In this May 17, 2017 photo, a supporter of Iranian President Hassan Rouhani flashes a victory sign as she holds a poster of Rouhani during a street campaign ahead of the May 19 presidential election in downtown Tehran, Iran. President Hassan Rouhani, a moderate, is seeking re-election in a vote that will largely serve as a referendum on his outreach to the West, which culminated in the 2015 nuclear deal with world powers. (Ebrahim Noroozi / AP)
TEHRAN — Iranian President Hassan Rouhani staked his political future on opening Iran ever so slightly to the outside world and overcoming hard-liners' opposition to secure a historic nuclear deal in exchange for relief from crippling sanctions.
No incumbent president has failed to win re-election since 1981, when Ayatollah Ali Khamenei became president himself
He'll soon find out if voters think it's enough to keep him in the job.

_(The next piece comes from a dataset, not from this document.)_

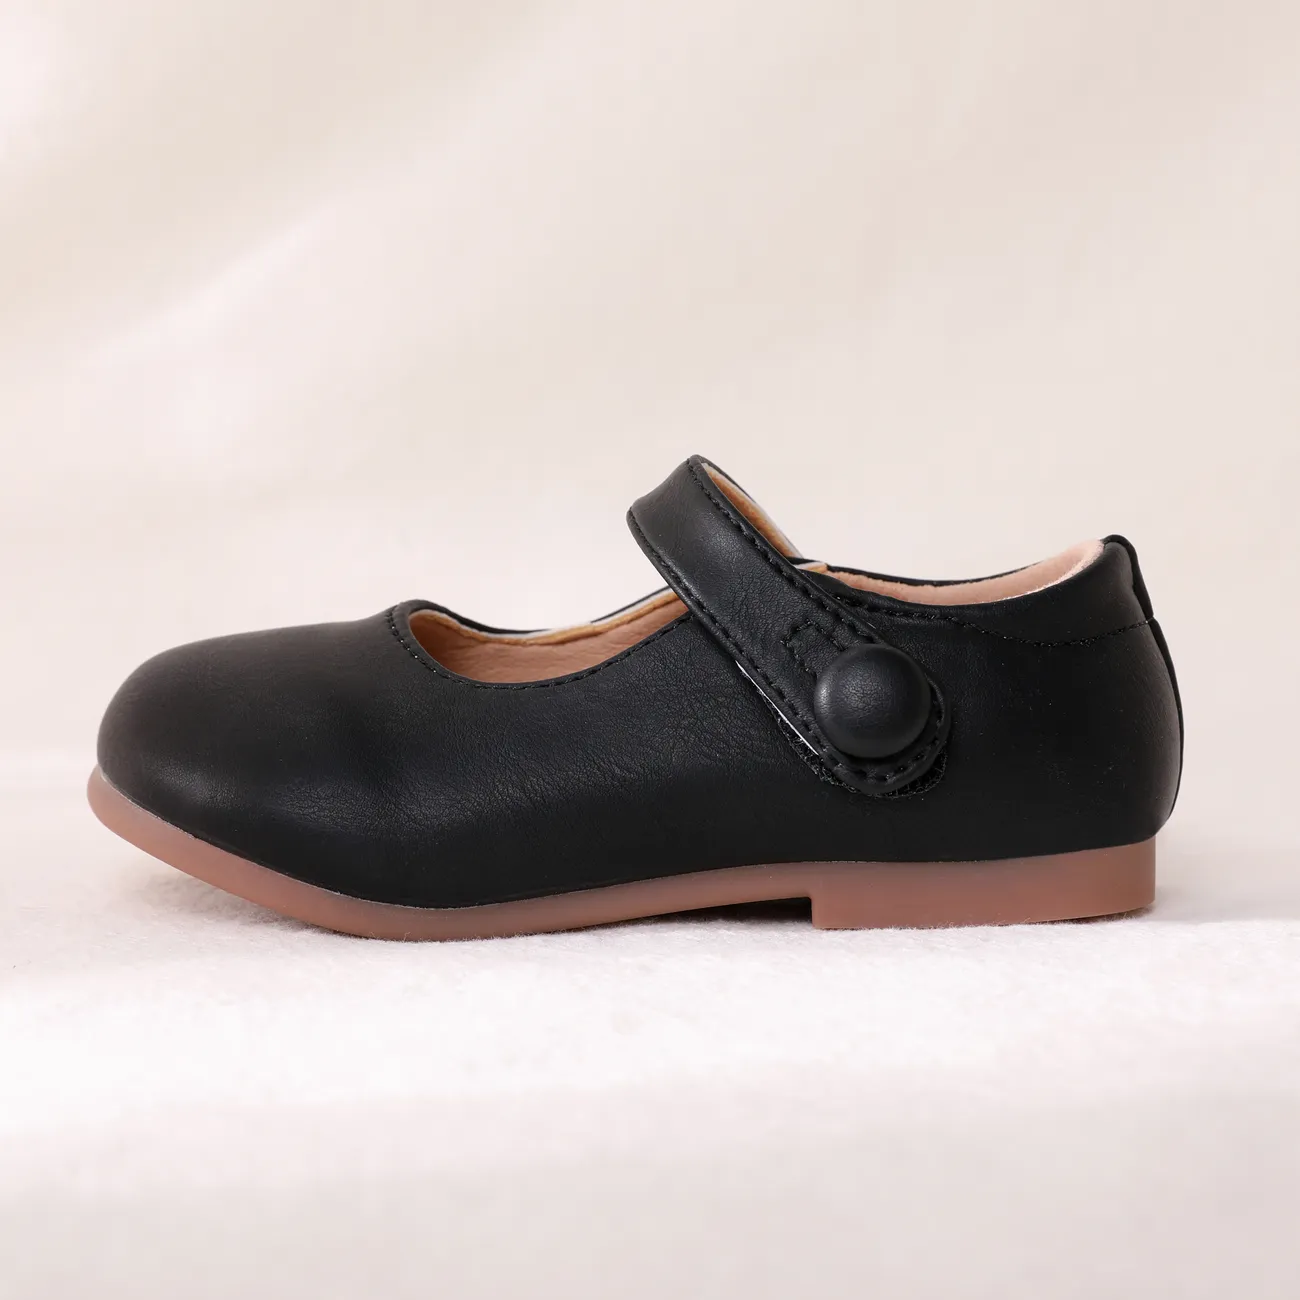 Toddler/Kids Girl Solid Color Basic Style Velcro Leather Shoes Black big image 1
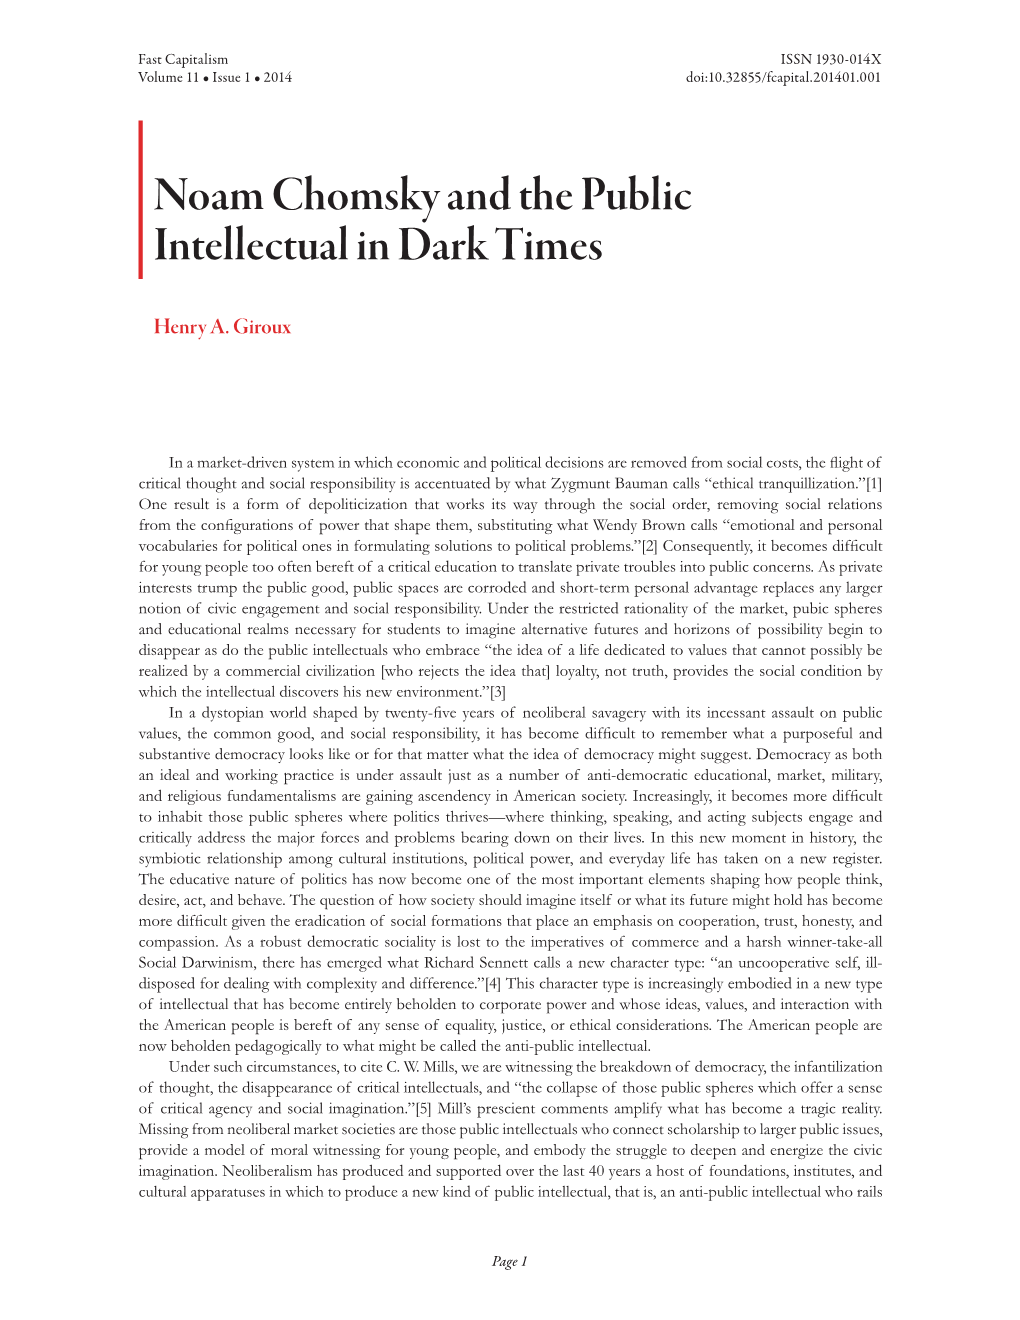 Noam Chomsky and the Public Intellectual in Dark Times

The 68-year-old cleric, a moderate within Iran's political system, has history on his side as Iranians vote for president Friday. No incumbent president has failed to win re-election since 1981, when Ayatollah Ali Khamenei, the current supreme leader and most powerful man in Iran, became president himself.
Political analysts and the scant polling data that's available suggest Rouhani will come out on top among the four candidates left running, though an outright win is by no means assured. Failure to secure a majority Friday would send the two top vote-getters into a runoff a week later.
His supporters streamed into downtown Tehran streets thick with police for rallies that lasted into the early hours Thursday, just ahead of a 24-hour no-campaigning period before the vote.
The rallies were largely peaceful even as Rouhani supporters faced off against smaller crowds supporting his main rival, hard-liner Ebrahim Raisi, though police rushed reinforcements to break up Rouhani rallies that grew large enough to block traffic.
Working against Rouhani is a sense among many Iranians that the 2015 nuclear deal, which saw Iran accept limits on its atomic energy program, has failed to deliver an economic windfall.
Although nuclear-related sanctions were lifted because of the deal, other US and other international sanctions remain in effect.
Unemployment, meanwhile, remains stuck in the double digits, with nearly a third of Iranian youth out of work, according to the International Monetary Fund.
Rouhani's stiffest challenge comes from Raisi, a law professor and former prosecutor who heads an influential religious charitable foundation with vast business holdings. He is seen by many as close to Khamenei, and has even been talked about as a possible successor to him. Khamenei has stopped short of endorsing anyone.
Raisi won the support of two major clerical bodies and promised to boost welfare payments to the poor. His populist posture, anti-corruption rhetoric and get-tough reputation are likely to energize conservative rural and working-class voters.
In a bid to woo younger voters, he has even turned to appearing in a viral video next to a tattooed, once-underground rapper named Amir Tataloo — despite his own history of supporting the cancellation of concerts on moral grounds.
Mostafa Hashemitaba, a pro-reform figure who previously ran for president in 2001, and Mostafa Mirsalim, a former culture minister, also remain in the race.
The ruling system put in place after the 1979 Islamic Revolution combines conservative clerical oversight and state control over large parts of the economy with tightly regulated but still hotly contested elections for key government posts. All candidates for elected office must be vetted, a process that excludes anyone calling for radical change, along with most reformists. No woman has been approved to run for president.
People watch a televised debate between the Iranian presidential candidates for the May 19 elections, at one of electoral campaign offices of President Hassan Rouhani, seen in posters in background, in northern Tehran, Iran, May, 5, 2017. (Vahid Salemi / AP)
Under Iran's system, the president is subordinate only to the supreme leader, who is chosen by a clerical panel and has the ultimate say over all matters of state. The presidency is still a powerful post, with considerable influence over domestic policy, the state bureaucracy and foreign affairs.
A victory for Rouhani could lead to a further loosening of limits on personal freedom, while a hard-line win could set Iran up for a renewed bout of confrontation with the West at a time when U.S. President Donald Trump has called for a tougher line on Iran.
Whoever wins Friday's vote could help shape the choice of the next supreme leader, and in turn the direction of the country.
Khamenei is 77 years old and only the second person in Iran's history to hold the top job. He underwent prostate surgery in 2014, prompting speculation about his health.
The president is one of three members on a temporary council that takes over the supreme leader's duties should his post become vacant until a successor is named by the panel known as the Assembly of Experts. Rouhani and Raisi both sit in that assembly.